Sparkle Pool says Web Management's lawsuit should be dismissed, in part because it claims the company fails to state a claim upon which relief can be granted.

In its eight-count complaint, Web Management seeks a judgment of more than $500,000, plus pre- and post-judgment interest, attorney's fees, punitive damages and other relief the court deems just.

Scottsdale removed the complaint to U.S. District Court, where it says the complaint belongs because the court will have to decide the answer to a federal question.

"Here, Plaintiff alleges in its Complaint that certain Defendants 'have violated applicable federal law regarding patent, trademark, or copyright infringement and are entitled to any applicable damages,'" the complaint says. "Plaintiff has clearly alleged a cause of action over which the district courts have original, and, in fact, exclusive jurisdiction."

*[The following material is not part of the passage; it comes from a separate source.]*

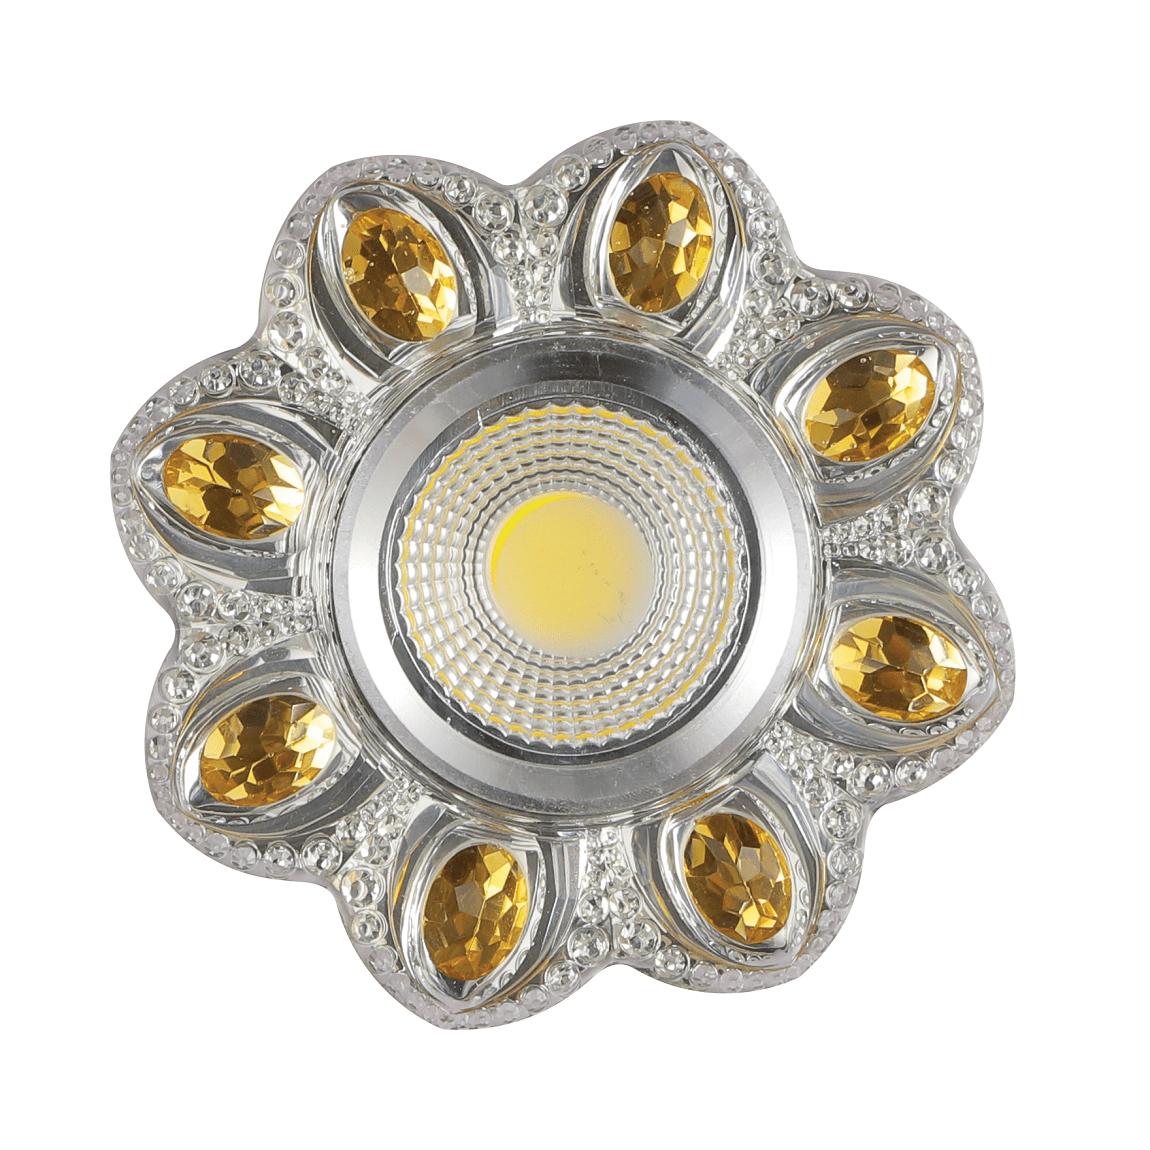 FORLIFE FL-1825 B - 5 Watt Kristal LED Spot

William B. Summers of Summers and Associates in Parkersburg will be representing Web Management.

Lee Murray Hall and John A. Hess of Jenkins Fenstermaker in Huntington will be representing Scottsdale.

David W. Hardymon of Vorys, Sater, Seymour and Pease in Columbus will be representing Family Fun Corp.

Raymond Thibault of Tucson, Ariz., will be representing Horizon.

Barbara J. Keefer of MacCorkle, Lavender and Sweeney in Charleston and George Y. Chandler II of Parkersburg will be representing Sparkle.